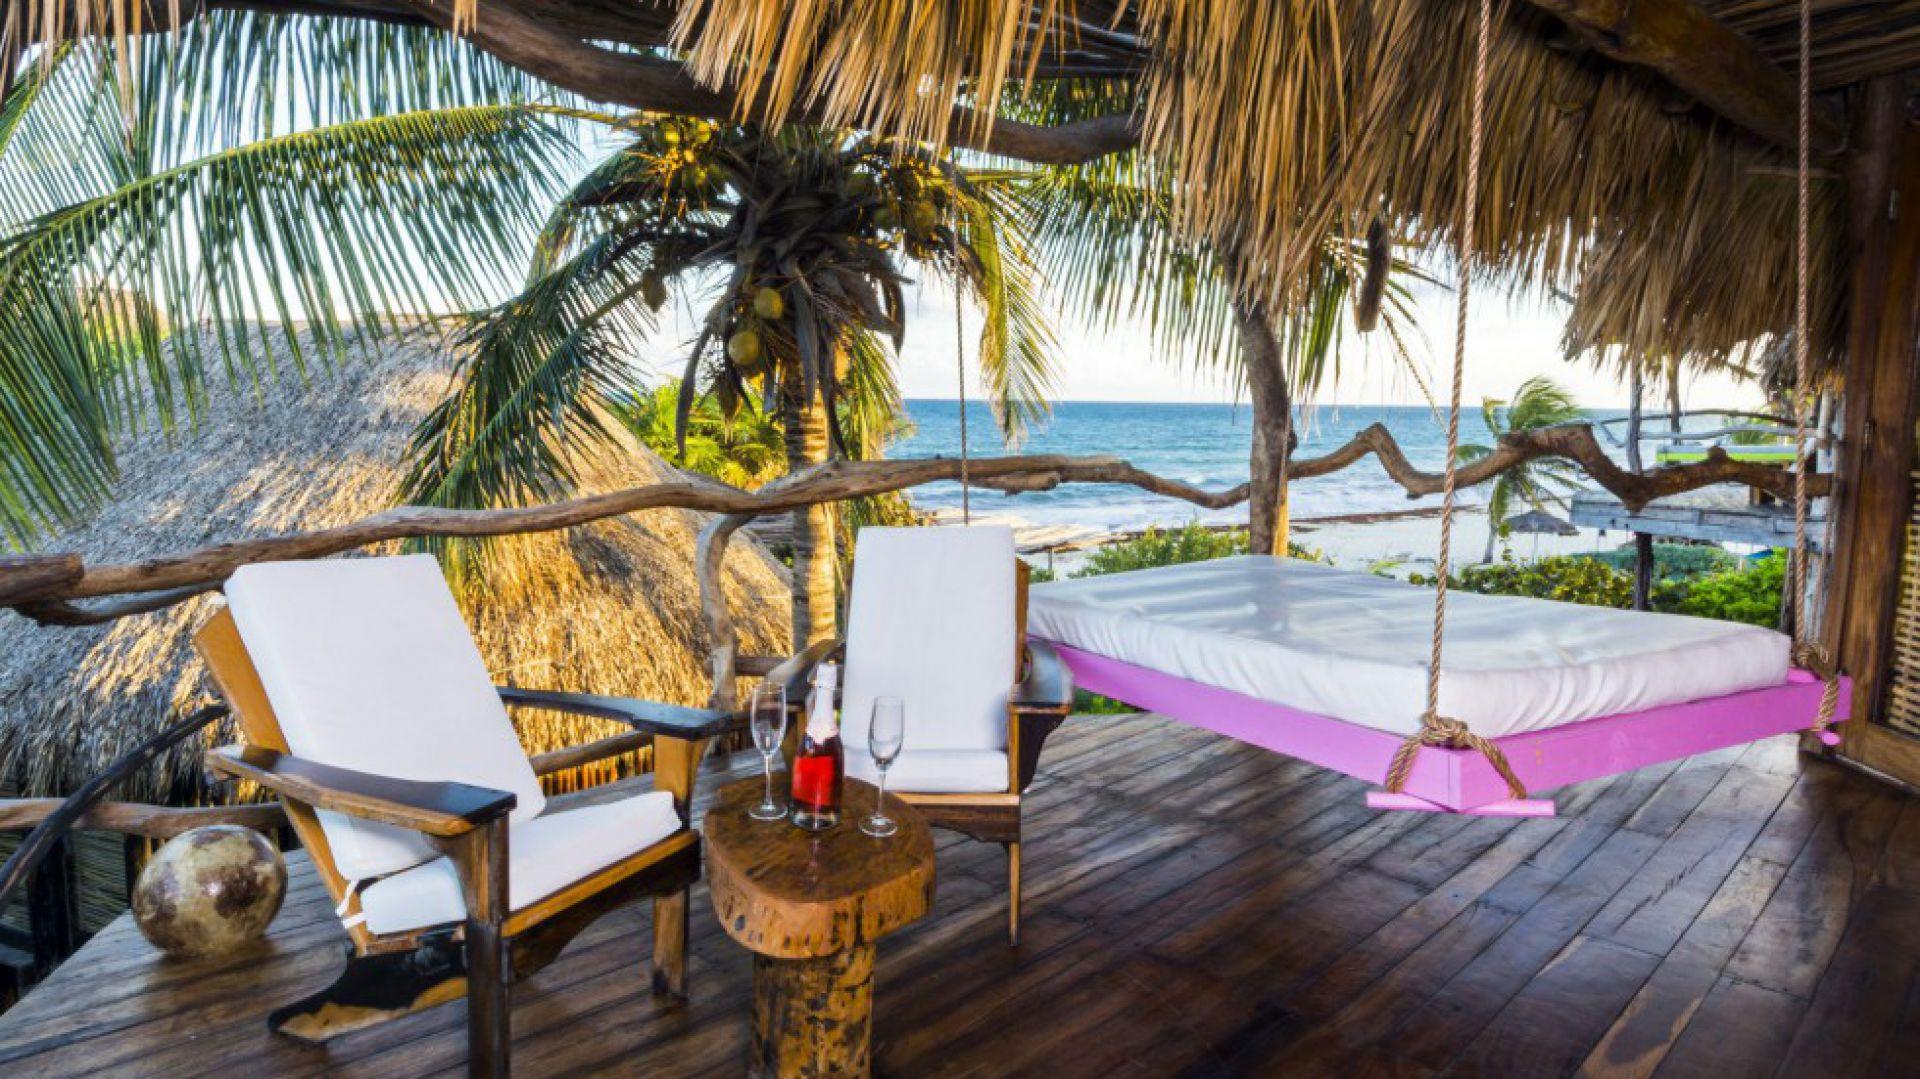 Huśtawka w gałęziach drzew, ponad morzem. Azulik - Adults Eco-Resort & Maya Spa, Tulum – Meksyk fot. źródło: hotels.com
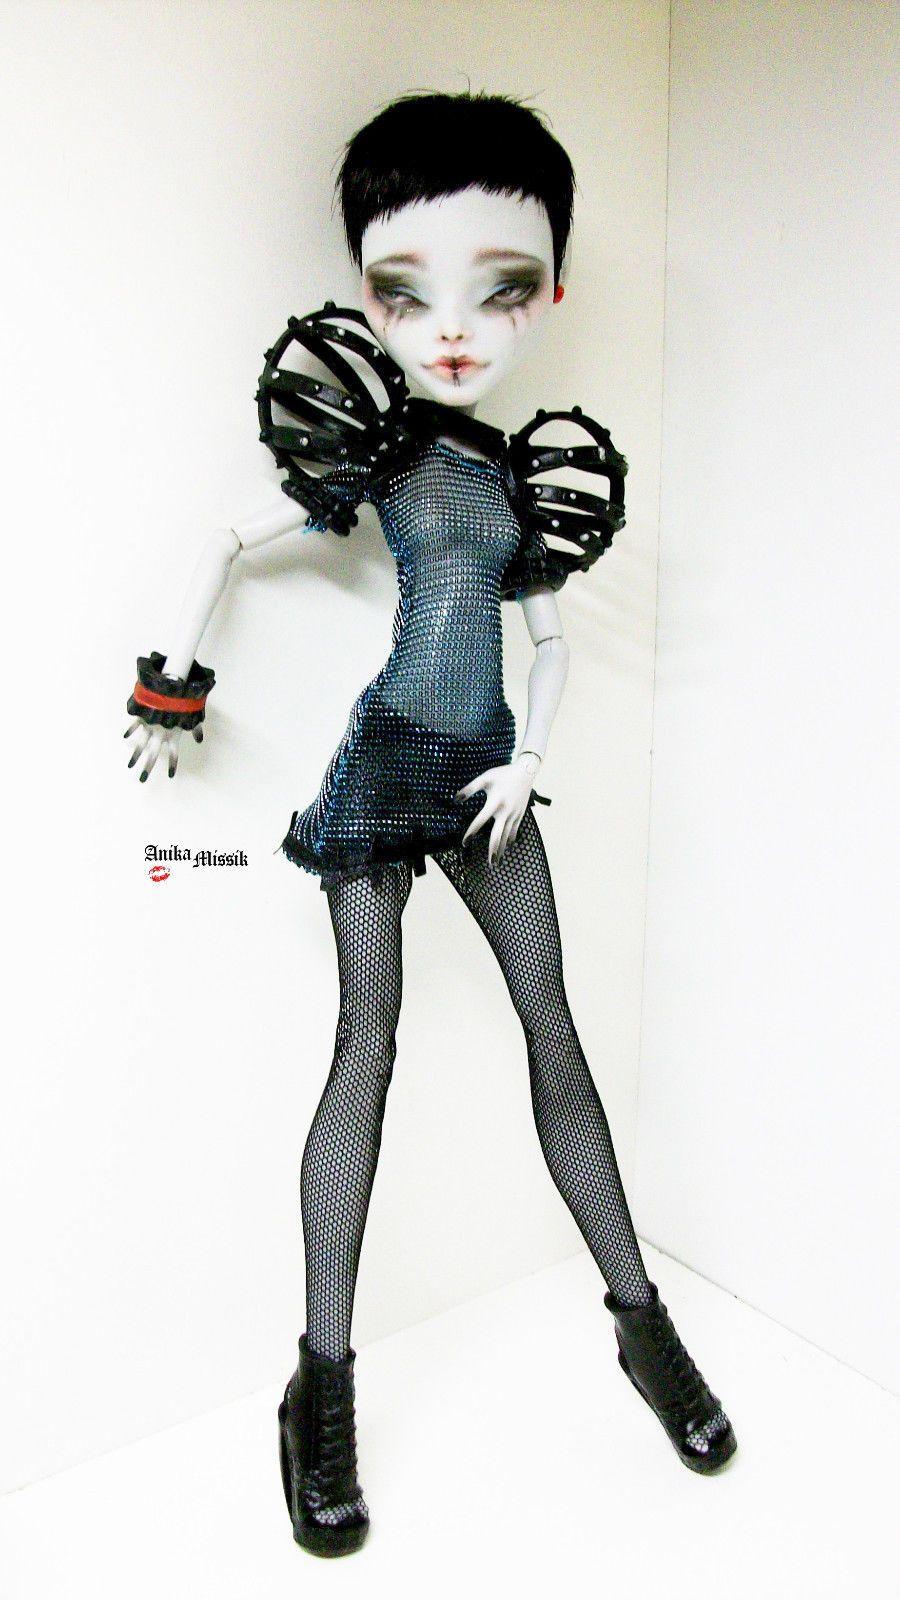 Monster High Ghoulia Yelps OOAK Repaint Custom by Anikamissik | eBay
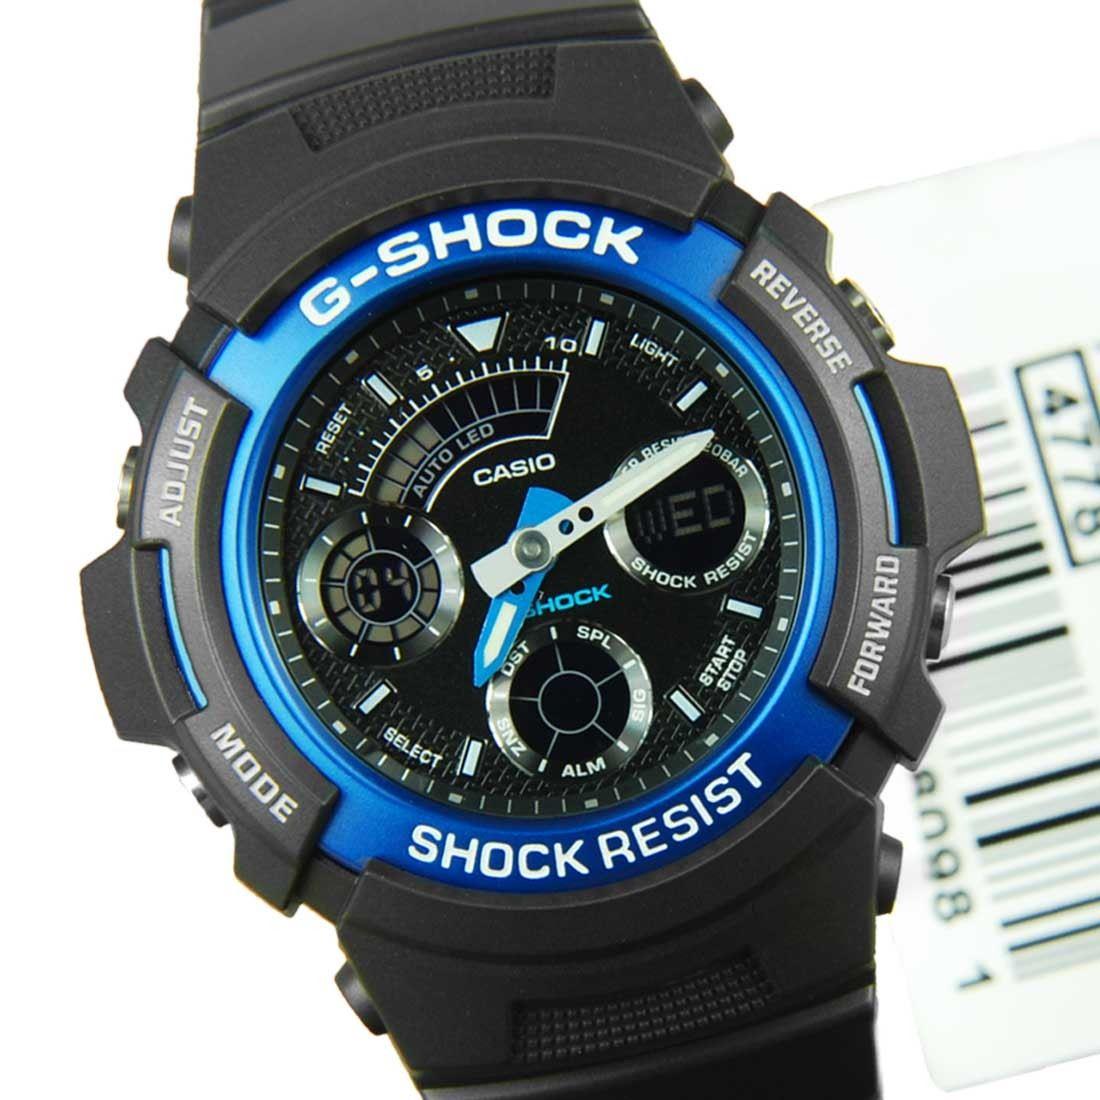 энергичному часы g shock aw 591 дизайнеров сейчас

What you should do
Could the material above be given again exactly, pictures excluded?

Response to this exercise
 Huśtawka w gałęziach drzew, ponad morzem. Azulik - Adults Eco-Resort & Maya Spa, Tulum – Meksyk fot. źródło: hotels.com
 Monster High Ghoulia Yelps OOAK Repaint Custom by Anikamissik | eBay
 энергичному часы g shock aw 591 дизайнеров сейчас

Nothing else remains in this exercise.